We Have Special Capabilities and Tools
CIGS Cluster Tool
The CIGS cluster tool in our Process Development and Integration Laboratory has capabilities that can benefit your research and development.
- Two 1.5" x 1.5" and one 3" x 3" close-spaced sublimation (CSS) systems for CdTe deposition
- Two 3" x 3" co-evaporators with electron-impact ionization spectrometer (EIES) rate control for CIGS deposition
- 6" x 6" CSS (CdTe) and co-evaporator (CIGS) tools that are integrated with appropriate sputtering and analysis capabilities to study interface formation and industrially relevant processes (i.e., CdTe and CIGS PDIL Tools)
- 12" x 12" system for ZnO and ZnO:Al deposition
- 1.5" x 1.5" and 3" x 3" sputter system for Cd2SnO4, Zn2SnO4, and CdS deposition.
- Suite of cell testing techniques, including current-voltage and quantum efficiency testing of superstrate and substrate thin-film devices
- Extensive collaboration with NREL Measurements and Characterization and Materials Theory Groups to study functionality of existing materials and devices, and develop ideas for new product avenues.
We Have Deep Expertise with Multijunctions
Our researchers have invented and transferred many aspects of thin-film PV technology to related industries, and we develop cells with improved performance, reliability, and cost effectiveness.
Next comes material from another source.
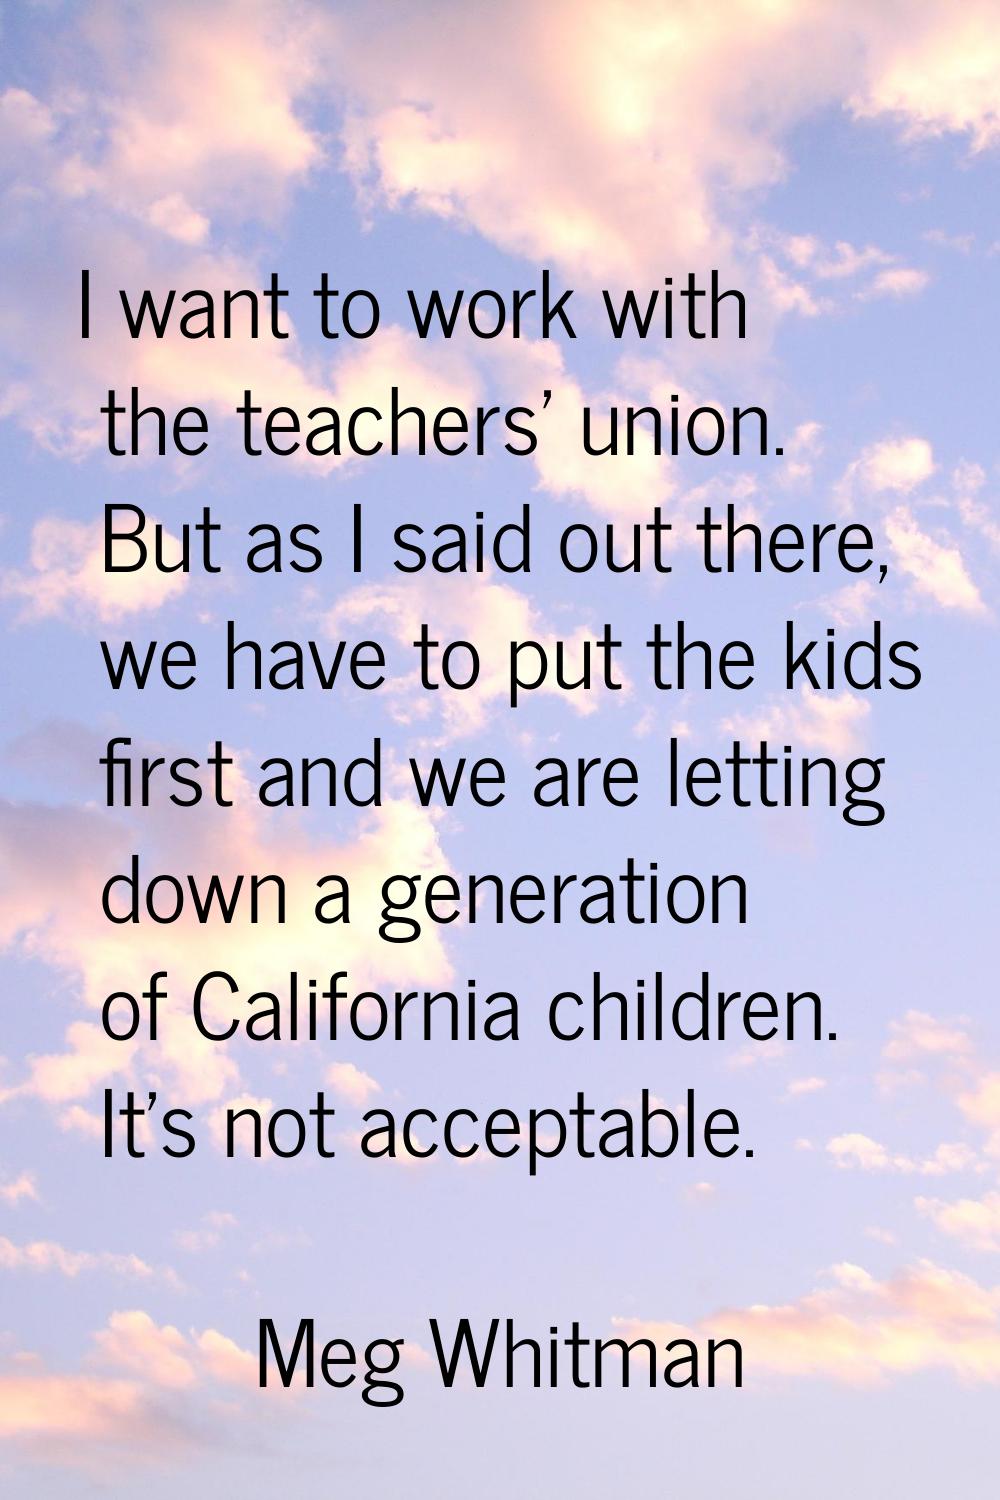 I want to work with the teachers' union. But as I said out there, we have to put the kids first and

Our interconnected R&D tasks create a path toward the industry's requirements of higher-performance, reliability-certified cells that are optimized for real-world concentrator systems.
We Partner with Industry
We transfer our technological advances to major industrial players through licensing and high-value cooperative research and development agreements (CRADAs). Our basic criteria for CRADA projects are (1) a potential for a significant impact on the industry, (2) advancement of the technology, and (3) a strong connection to our core competency of multijunction cells.
We work with numerous university and industry partners in the module manufacturing and supply-side aspects of the thin-film PV industry.